Building a SaaS Unicorn

Today, let’s take a moment to dream big (we’re overdue for an aspirational article). What if you were actually building a SaaS unicorn? It’s possible — so far, over a thousand startups have reached valuations over $1 billion. In 2020, there were 475 active unicorn startups, and in less than two years, the number has more than doubled globally. A number of them are SaaS products — Slack, Miro, Grammarly… If becoming a unicorn was easy, everyone would do it, right? Not everyone can, but if you look at SaaS unicorns, you’ll see some repeating themes.

Growth Stages

According to an industry report by Fractal, the median time it takes for a vertical SaaS company to achieve unicorn status is five and a half years. That means there is extremely fast, sustained growth — compounding growth — over a relatively short period of time. Let’s examine the stages.

Garage (Early) Stage

In the early days of a startup, we’re working on product-market fit. We want to build something that people want, but we have to figure it out fast. As Geoffrey Moore wrote years ago, we’re trying to ‘cross the chasm’ from those experimental testers to paying customers.

Growth Stage

Once the product or service has a beachhead established, it’s time to find as many viable customers as possible. That requires exploring new sales & marketing channels, extending the product line, and tapping bigger territory (e.g., going international). We’ll lay out more about the growth strategy in a moment.

Maturity Stage

Once we find grow stability, we add fuel (capital). Although we may have used some early capital growing the product and company, in the maturity stage, we’re working out how to make profit at scale.
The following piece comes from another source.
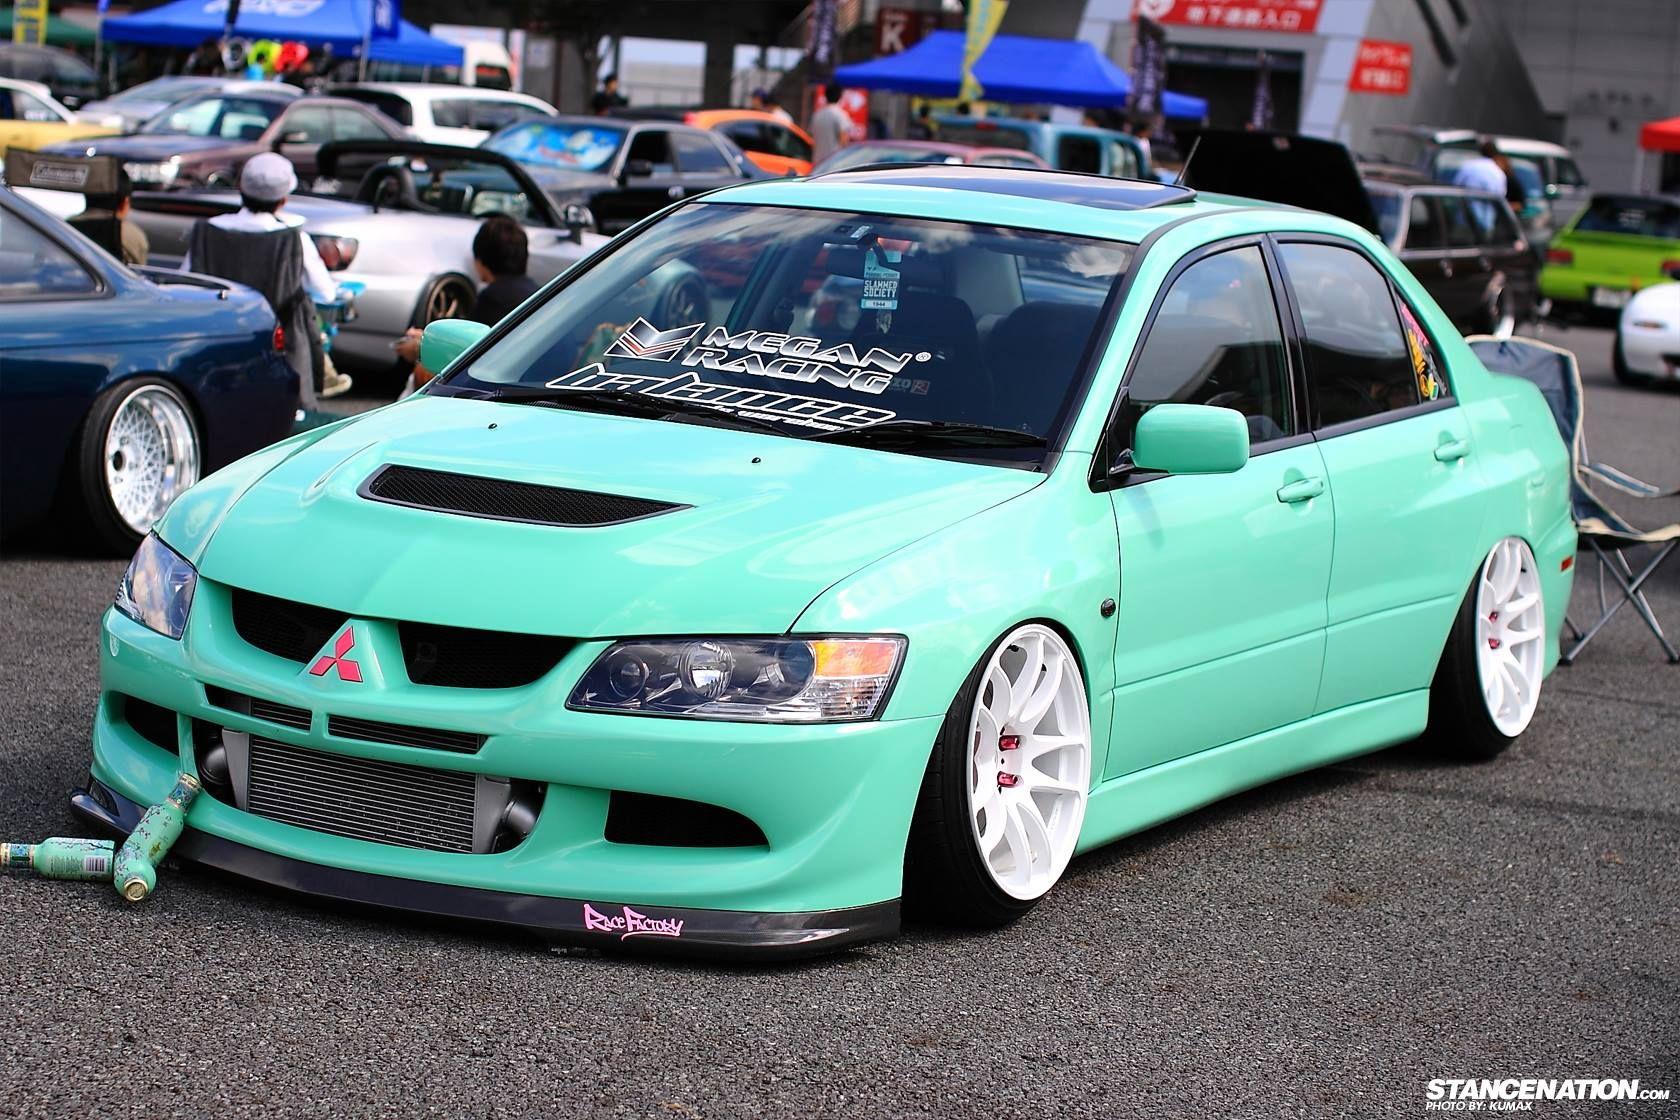 Mint Evo Cars Car Vehicles Cars

Growth Strategy: 10 Secrets to Growing SaaS

Disrupt

Almost every SaaS unicorn started something new. You must introduce a disruptive product, doing something people need to do in a different & better way. We had email and chat, but Slack built a more unified communication platform. Back in the old days, we said if you weren’t #1 on your ladder, make a new ladder. Today people say you need to write the book – that is, you need to do something so different, you need write a book on what you are doing.

Focus

The customers matter. You must engage, listen, iterate, and respond to the customer. Focus on what they tell you to improve your messaging, product, and business.

Measure

We’ve worked for organizations that didn’t have any business metrics other than living month to month. Adding a north star metric (e.g., more trial users, better monthly recurring revenue) is a proven way to motivate your team and grow your product. You can employ a variety of KPIs and set meaningful OKRs to measure & motivate.

Hire

Building for an aspiring SaaS unicorn necessitates a positive work culture. Hire A players and nothing less. Unicorn-level growth won’t happen with B or C employees or partners. Your culture will drive success. When needed, outsource to proven vendors. For example, if you’re not ready to build out an in-house sales team, you could engage a business partner who offers BDRs for hire.

Tool

Equip your team of A players to succeed. You need a central CRM that keeps records straight “from cradle to grave” with your customers. Marketing tools are essential. Keeping your Help Desk on task prevents customers from churning. Building out QA tools ensures your product doesn’t fail to deliver on your promise. You have so many tools to choose from — find the right ones for your stage (you don’t need Salesforce to start — pick a light CRM). Just tool up as best as you can on budgets, features, and scale.

Move

Velocity matters. Iterate fast to fix bugs and add features.

Extend

The best SaaS unicorns are ecosystem friendly. That is, they’re built to integrate. Being adaptable helps customers adopt faster.

Experiment

We mentioned the importance of culture in hiring, and the best environments foster experimentation. Whether it’s conversion rate optimization in marketing or feature flags in product development, experimentation drives real growth. “The way we’ve always done it” is a death sentence (unless experimentation is the way). The road to unicorn success is paved with failure — but lessons learned from mistakes.

Automate

Once your growth process is working, automate. From employee & customer onboarding to development & DevOps, automated repeatable processes not only save time but ensure higher quality. Where an employee might accidentally skip a step on a checklist, software won’t. We’re human, so we make mistakes, and even little ones can bring down production. We have so many smart ways to build automations, from simple solutions like Zapier and IFTTT to advanced techniques like infrastructure as code.

Fuel

Investors will always ask how far their investment will take you. They know that if you only build the bridge halfway across the river, you’ll fail to reach your destination. You need fuel. Raise capital before you need it. Bootstrap to start, get product-market fit, then add seed capital to scale. And once you’re scaling, you’ll go through all the series — A/B/C/D — on your way to a big valuation.

Building a SaaS Unicorn

The rarity of creating such a successful business venture is improbable, but not impossible. Building a SaaS unicorn is a lofty goal, and even in you only get halfway there, you’re a giant success. The methods are numerous while the focus on detail is the same. SaaS has grown from a new way of doing things to a highly competitive and lucrative industry. Maybe your SaaS solution is the next big thing, poised for its billion dollar story.